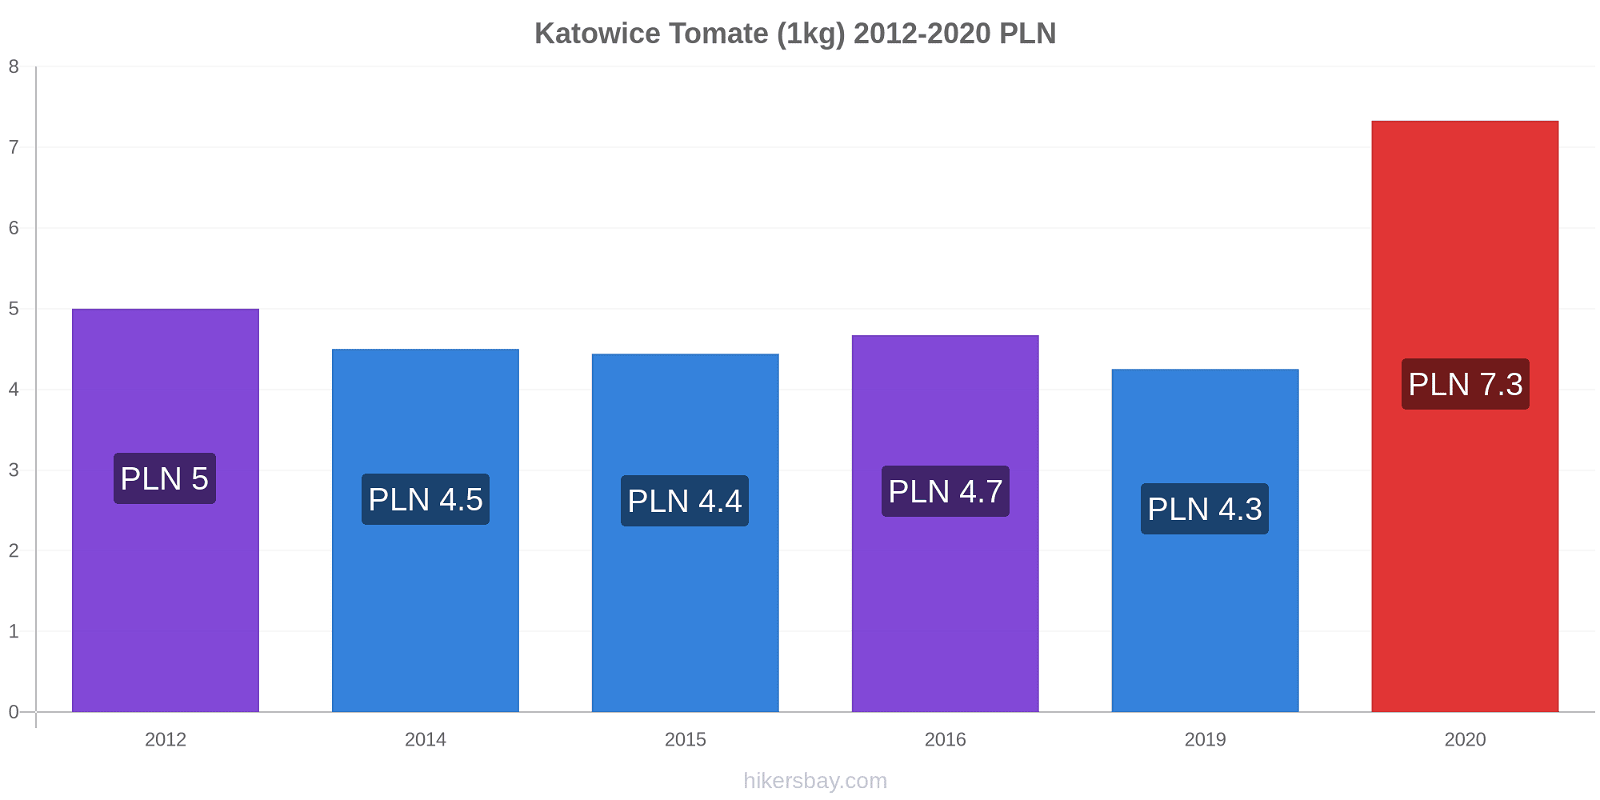 Katowice changements de prix Tomate (1kg) hikersbay.com
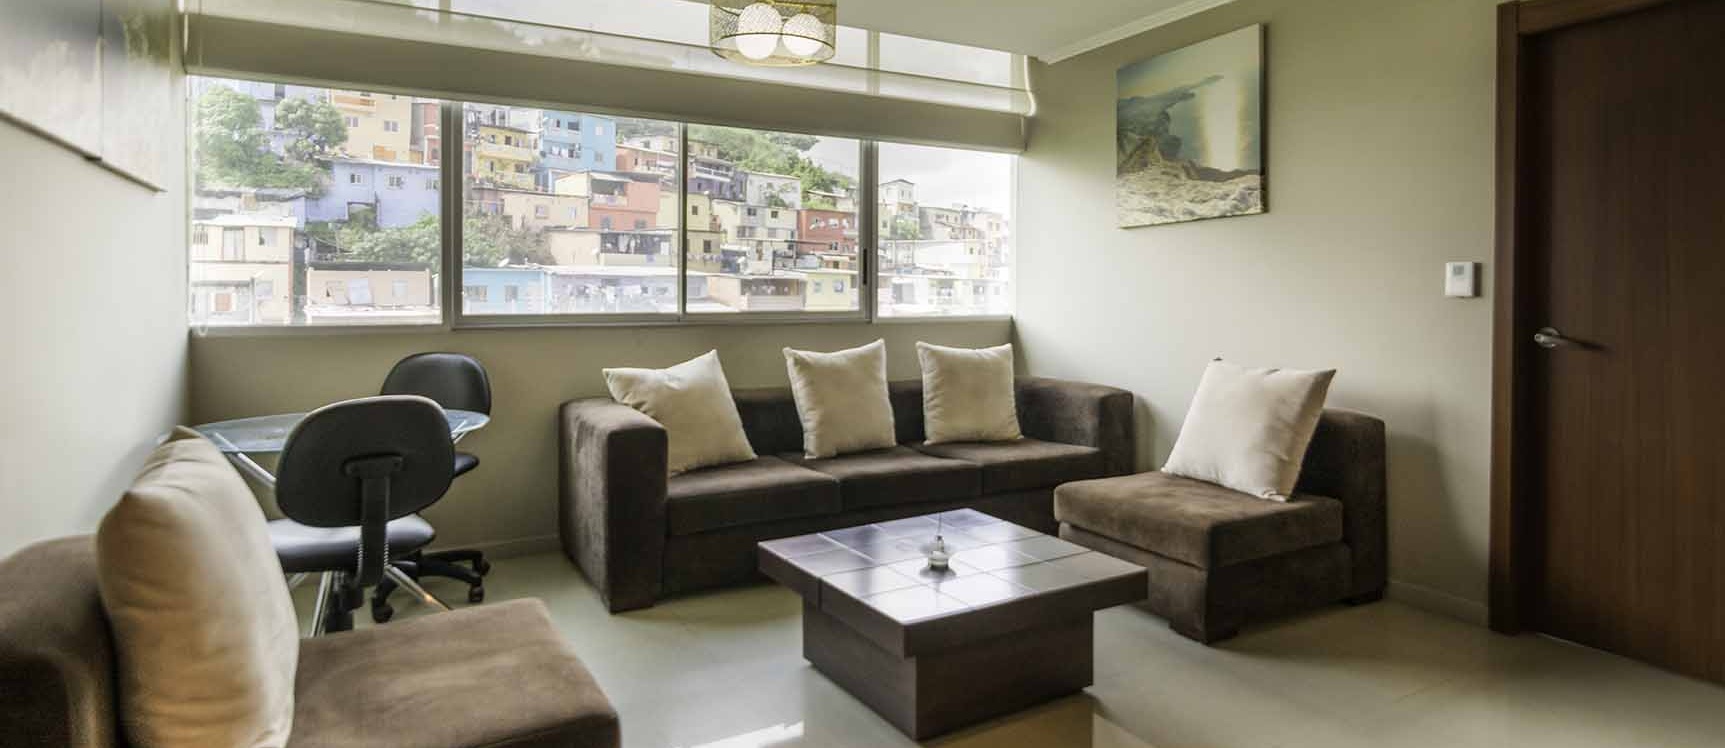 GeoBienes - Departamento amoblado en alquiler - Riverfront I - Plusvalia Guayaquil Casas de venta y alquiler Inmobiliaria Ecuador
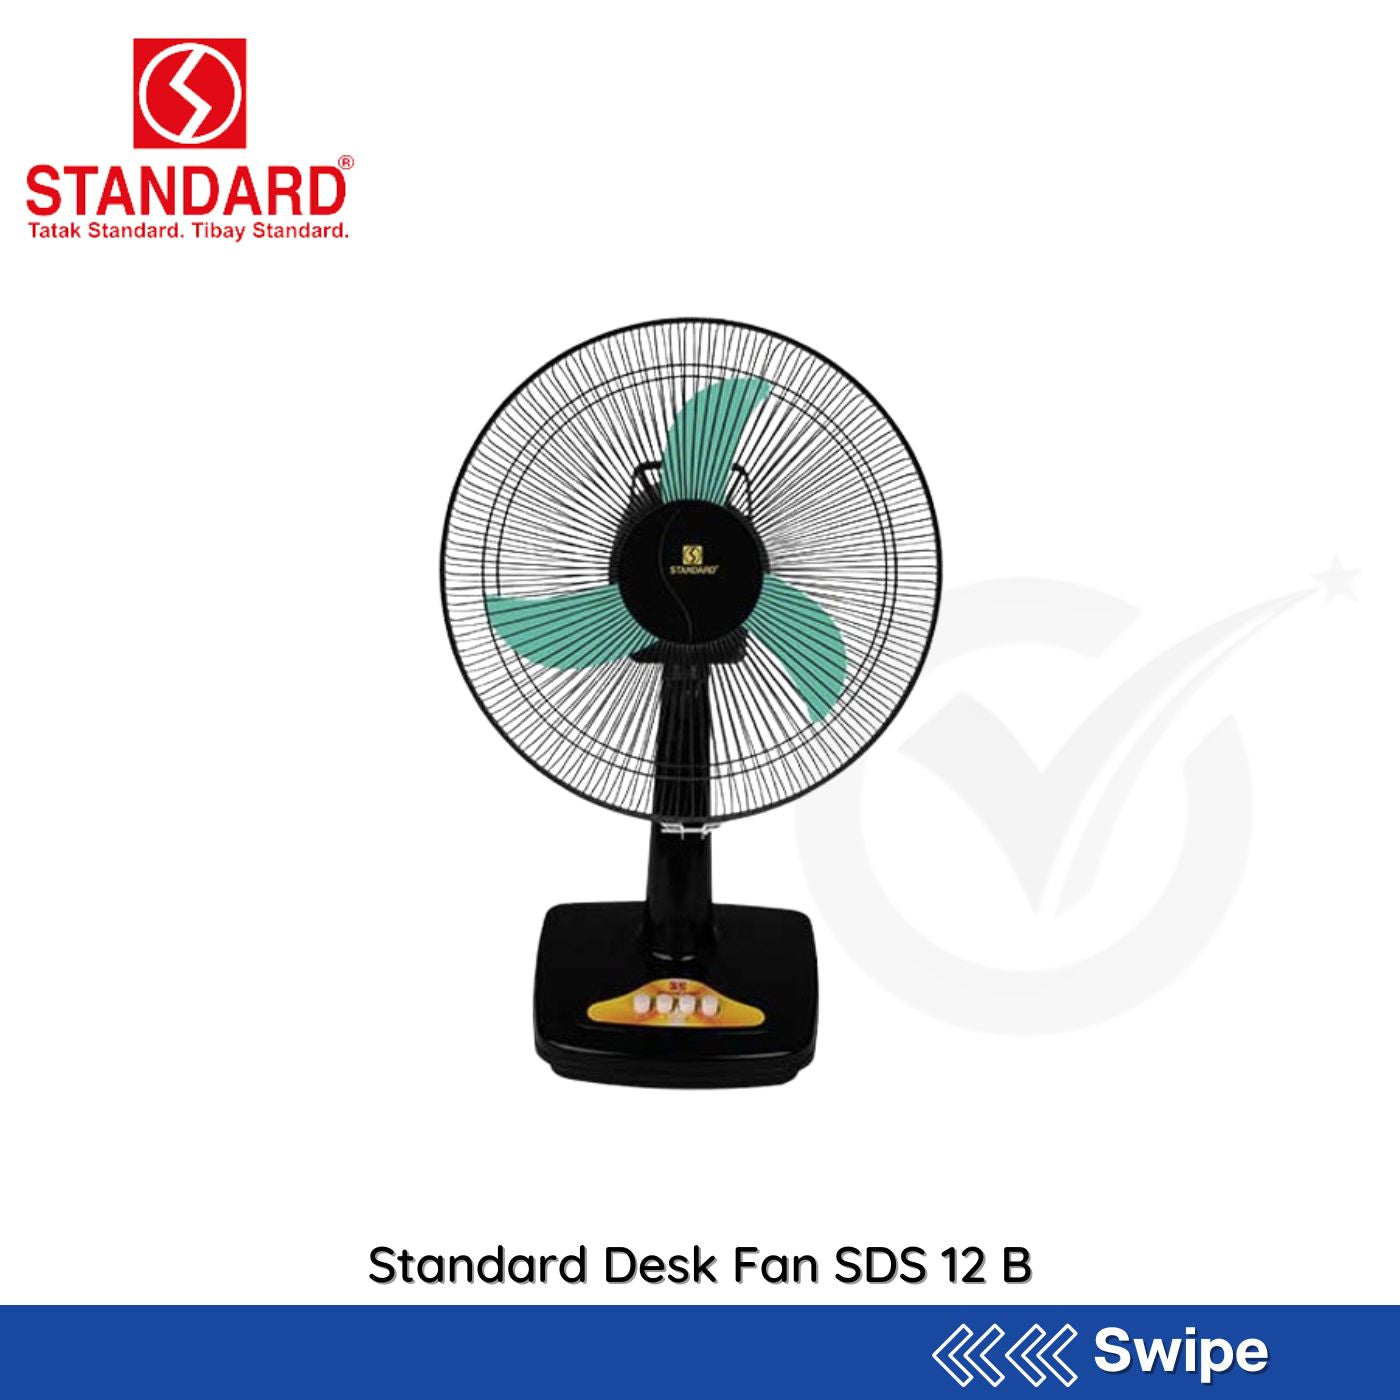 Standard Desk Fan SDS 12 B
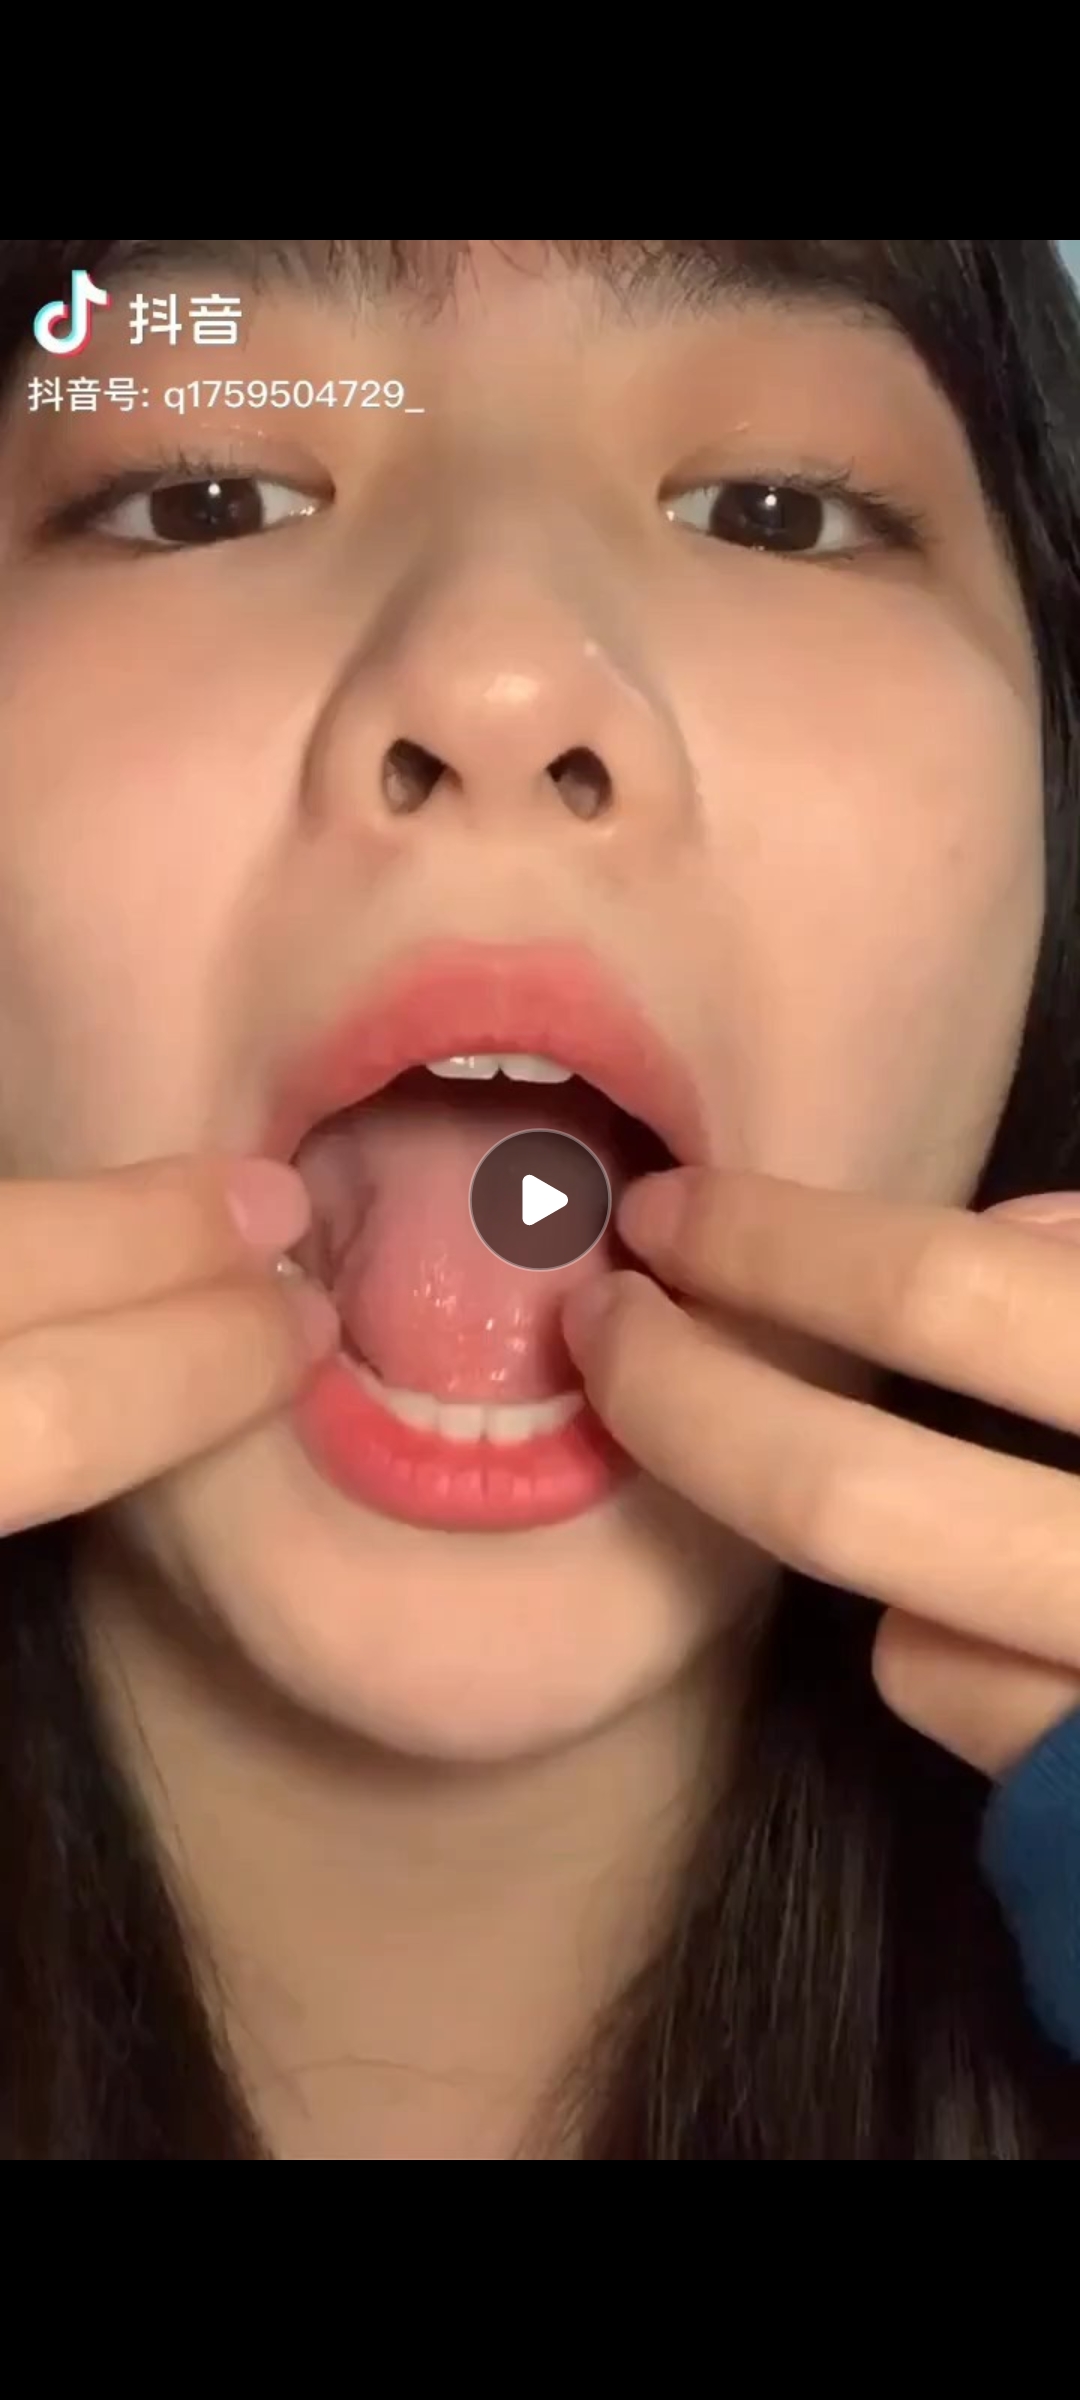 chinese girl uvula - video 10

..............................

YOUR TASK.
Pictures stay out. Copy exactly, and only, the lines from the one containing "Standard Desk Fan SDS 12 B" through the end of the data.

RESULT.
 Standard Desk Fan SDS 12 B
 chinese girl uvula - video 10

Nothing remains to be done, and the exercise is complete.